Por que o mundo não consegue consumir isso?
Eles não conhecem as marcas. Eu não as conheço. Não sei quais são as marcas da moda daqui, eu não conheço os cantores, não sei quem são os designers de móveis. Vocês não fazem parte do mercado global e das marcas globais. Você sabe quais são as americanas, as alemãs, as francesas. As empresas brasileiras não estão nesse conjunto. Vocês têm uma imagem, uma marca do país ; se você quiser colocar assim ;, mas isso não é traduzido em produtos brasileiros. Eu não vou comprar um carro brasileiro, eu não sei nada sobre as roupas brasileiras ; eu não compraria. Não conheço a literatura ou a música do país.
Como podemos entrar no mercado global e transformar essa imagem em dinheiro?
Isso está nas mãos de empresas. É um trabalho individual de cada uma. Às vezes, o mercado interno é tão grande que as empresas não têm interesse nisso. Às vezes, vocês não têm um lifestyle que as pessoas do resto do mundo querem copiar ; tem muita gente que quer viver o american dream, por exemplo. Se quiserem vencer essas barreiras, vocês vão ter tentar mudar a cultura dos empresários e dos consumidores. Isso vai ser muito importante, não só para vender produtos, mas também para explicar a cultura brasileira para o mundo.
Os empresários brasileiros têm a capacidade e a vontade de ser uma marca global?
O Brasil é perfeitamente capaz de ter empresas com alcance mundial. Vocês são um país grande e têm marcas que atendem a todo território nacional. Só é preciso aparecer empreendedores inteligentes, que estejam com vontade de fazer isso. No momento, há um foco no mercado interno. Não há interesse no mercado global.
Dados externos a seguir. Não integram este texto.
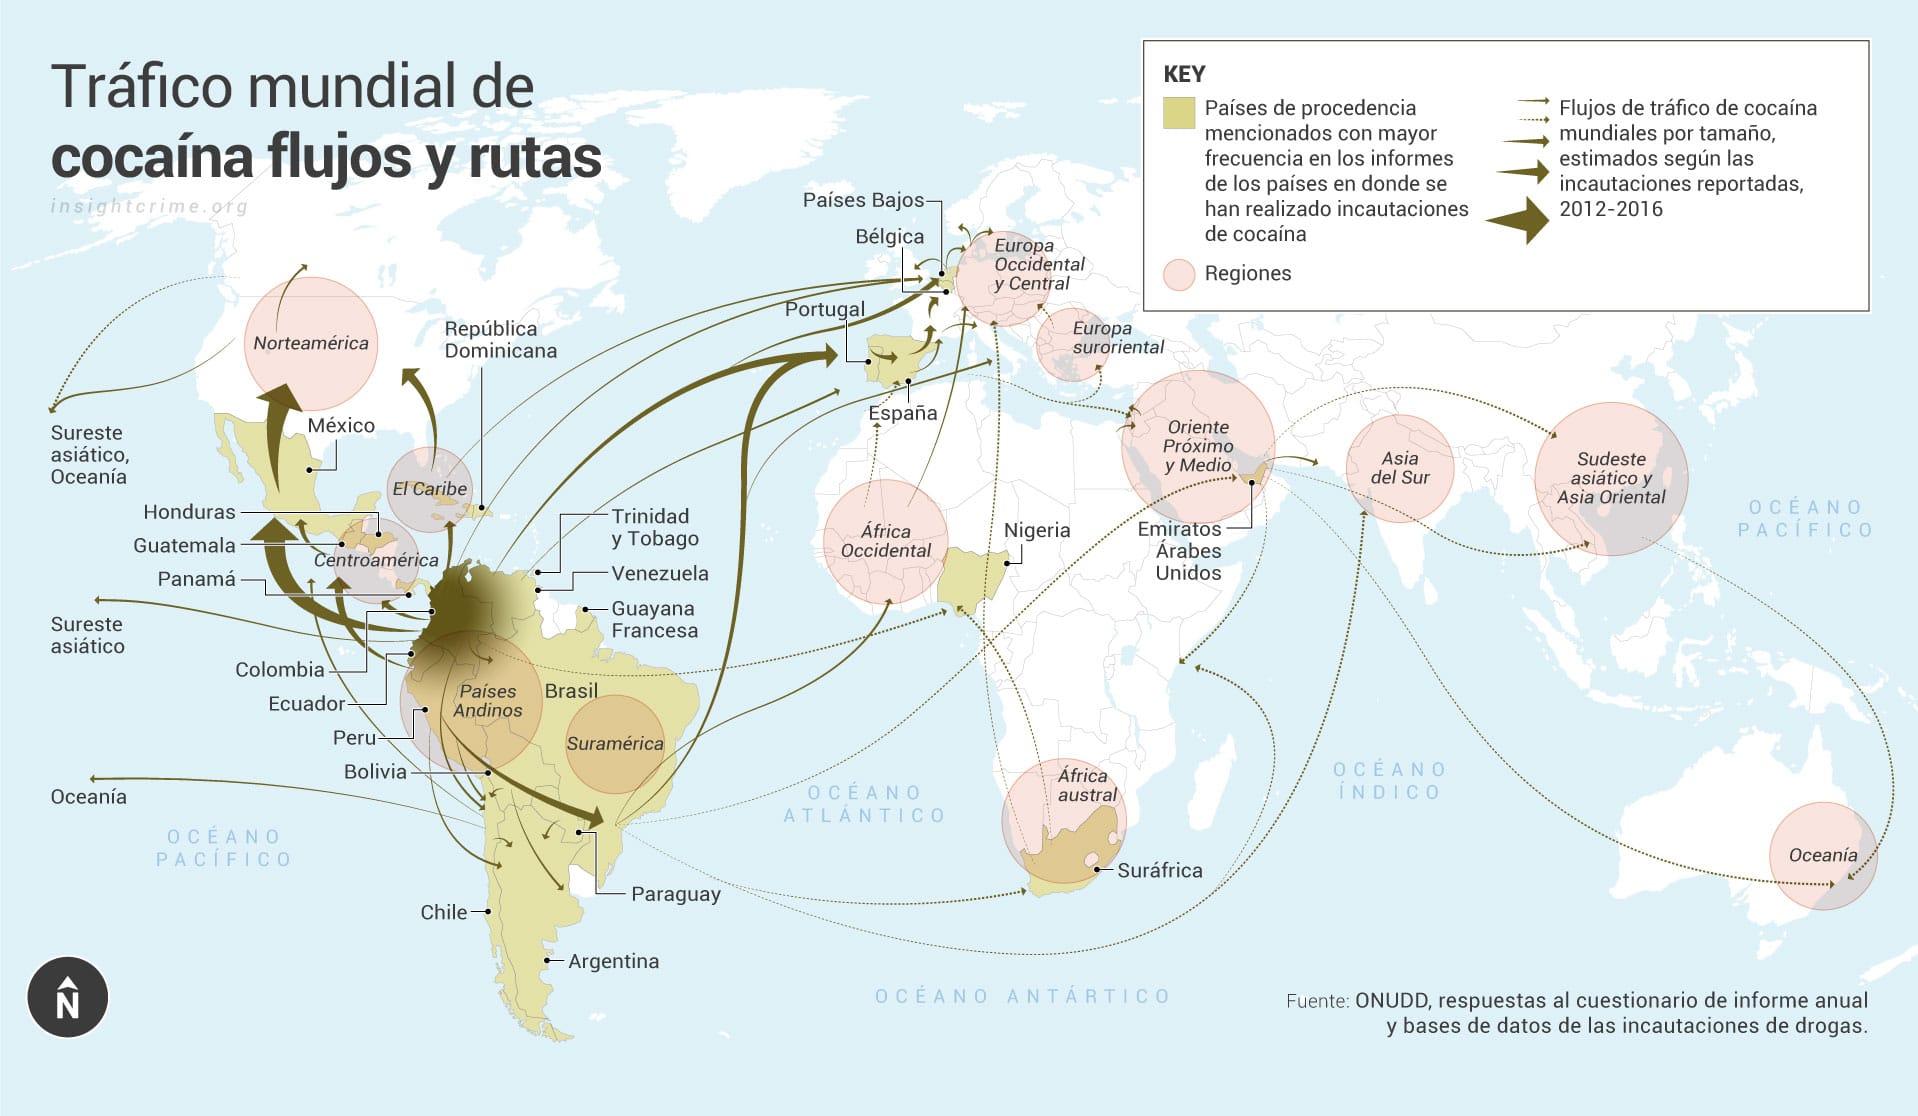 https://es.insightcrime.org/noticias/analisis/gamechangers-2018-5-razones-por-las-que-el-crimen-organizado-crecera-en-latinoamerica-en-2019/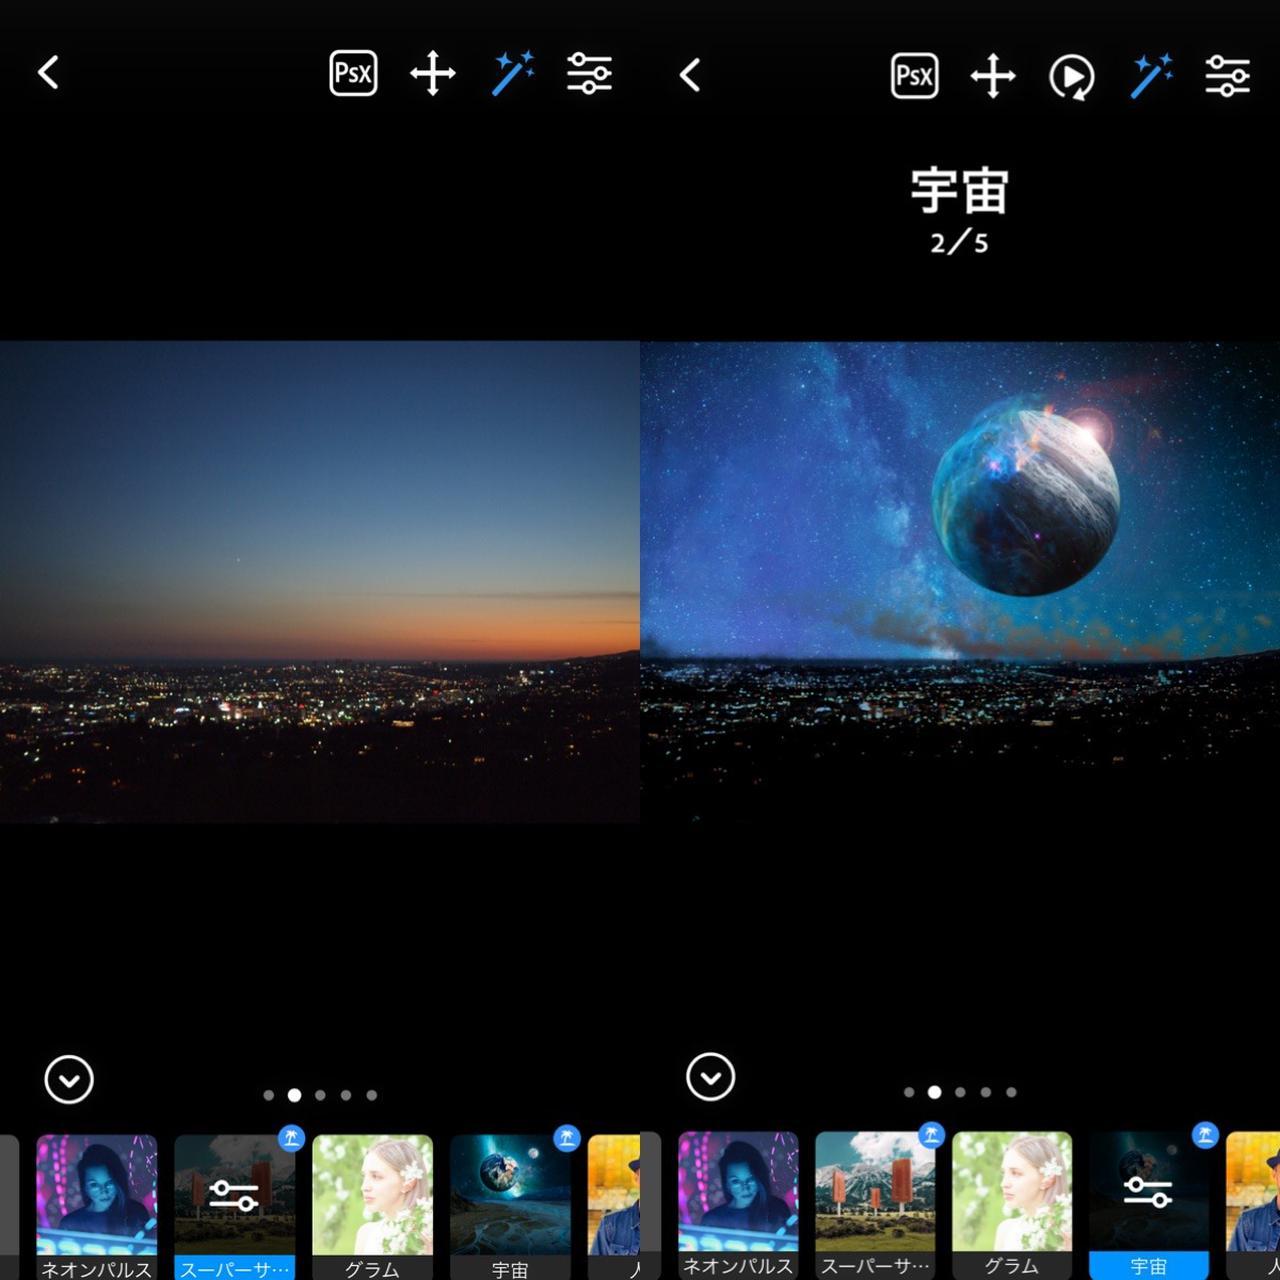 画像3: 空も自然に盛れちゃう!さすがのPhotoshopの技術です。

Você acha que esse interesse vai crescer com a aproximação da Copa e das Olimpíadas?
Depende das iniciativas individuais, mas eu não gosto de fazer esse tipo de previsão. As oportunidades estão aí, os brasileiros é que sabem se vão aproveitá-las ou não.
O que o Brasil precisa fazer para incentivar a sua economia criativa?
A internet é muito importante para o desenvolvimento desse tipo de negócio. O mundo cibernético está em constante expansão, assim como o conteúdo da mídia on-line ; me refiro ao texto e à informação ;, como o e-commerce, o crescimento das redes sociais e também toda empresa online ; Google, YouTube, Tumblr. Isso é uma área enorme que deve ser usada com criatividade. O Brasil tem que entrar no ramo, pois ele não está representado nessa área. E precisa urgentemente. Espero que os jovens brasileiros estejam de olho nesse nicho. Ainda mais considerando que você pode começar com quase nenhum centavo e fazer muito dinheiro a partir disso. Se não acontecer, o Brasil vai estar cada vez mais longe do mercado global.
Se o Brasil investisse em matérias curriculares mais ligadas às artes e à criatividade, teríamos mais jovens interessados nesse segmento?
Não acredito que isso esteja ligado ao que acontece na escola. Mas sim no ambiente social, criado fora dela. Claro que ir à escola é muito importante, mas existe uma grande discussão sobre o papel da escola para o crescimento do indivíduo e da sociedade. Ninguém nunca resolveu essa questão. O importante são as oportunidades criadas fora do ambiente escolar para as pessoas escolherem o próprio caminho, os seus sonhos e como vão expressar as próprias ideias.